A continuous threat-exposure training loop showing five stages connected by arrows: a red-team agent (labeled PyRIT / garak) generates adversarial prompts, those prompts feed into a sandboxed deployment agent (labeled E2B / OpenHands) that attempts the actions inside a contained box, the resulting trajectory feeds into a grader (labeled Inspect) which scores against a refusal rubric, failed refusals get tagged and routed to a labeled-data store, which feeds the next fine-tune of the deployment agent, closing the loop back to the red-teamer. A small curiosity dial pointing at the red-team agent indicates Hong-style diverse-failure search.
The threat-exposure training loop. The red-team agent generates attacks, the deployment agent attempts them under containment, the grader scores the trajectory, failed refusals become training data, and the loop runs continuously. Curiosity-driven red-teaming keeps the search exploring instead of grinding.

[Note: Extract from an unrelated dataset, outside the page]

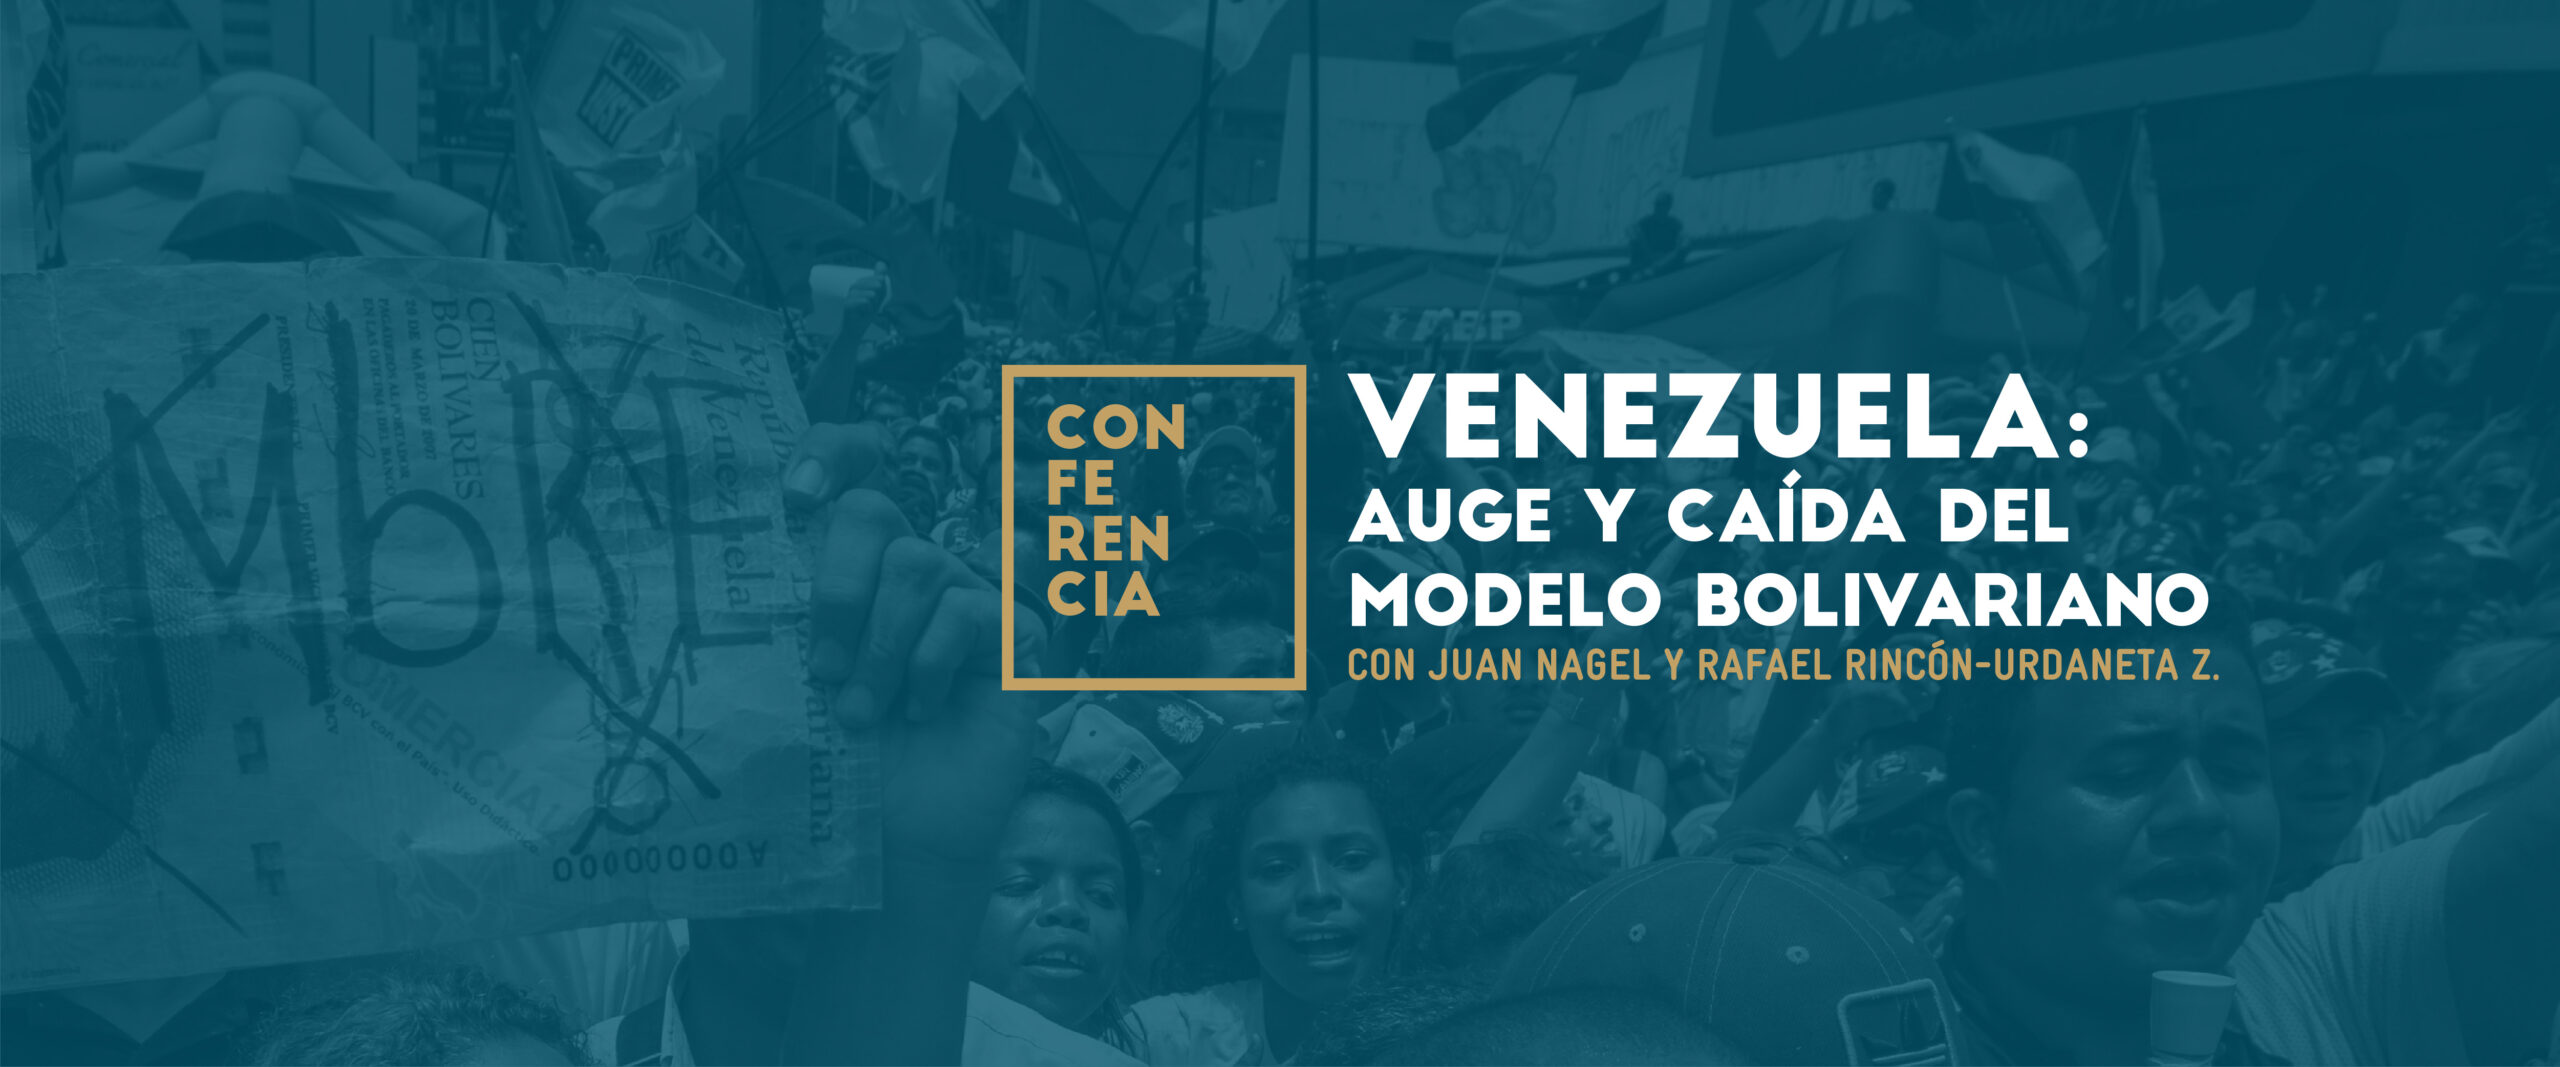 Conferencia: Venezuela, auge y caída del modelo bolivariano

Two cautions. Do not run these tools against models you do not own. Red-team toolkits generate genuinely harmful inputs by design. And keep your sandbox actually contained: the whole argument breaks if a sandbox escape lets the failure mode reach a real system.

What to ship

  1. Train with full exposure to the failure modes, under containment that blocks real-world impact.
  2. Use failures as the main training signal, not as exceptions to hide.
  3. Run dangerous-capability evals all the time (METR, AISI). Capability you don’t measure is capability you can’t align.
  4. Make containment the main safety tool, not refusal. Refusal without exposure is brittle.
  5. Train a red-team agent alongside your deployment model. Human red teams can’t cover the agentic action space.
  6. Deploy with strong gating, separate from training. Training and deployment are two different contracts.

The recipes in the wild that don’t look like this (refusal-only training, evals that only test the safe path) are not safer for being simpler. They are less safe, because the model has no signal in the regions it most needs to be aligned on.

References

Inline: Sleeper Agents, Constitutional AI, Red Teaming LMs with LMs, Red Teaming LMs to Reduce Harms, Curiosity-driven Red-Teaming, Weak-to-Strong Generalization. Also: Vapnik, Statistical Learning Theory (1998); Andrychowicz et al., Hindsight Experience Replay (NeurIPS 2017, arxiv:1707.01495); Murphy & Weaver, Janeway’s Immunobiology ch. 8.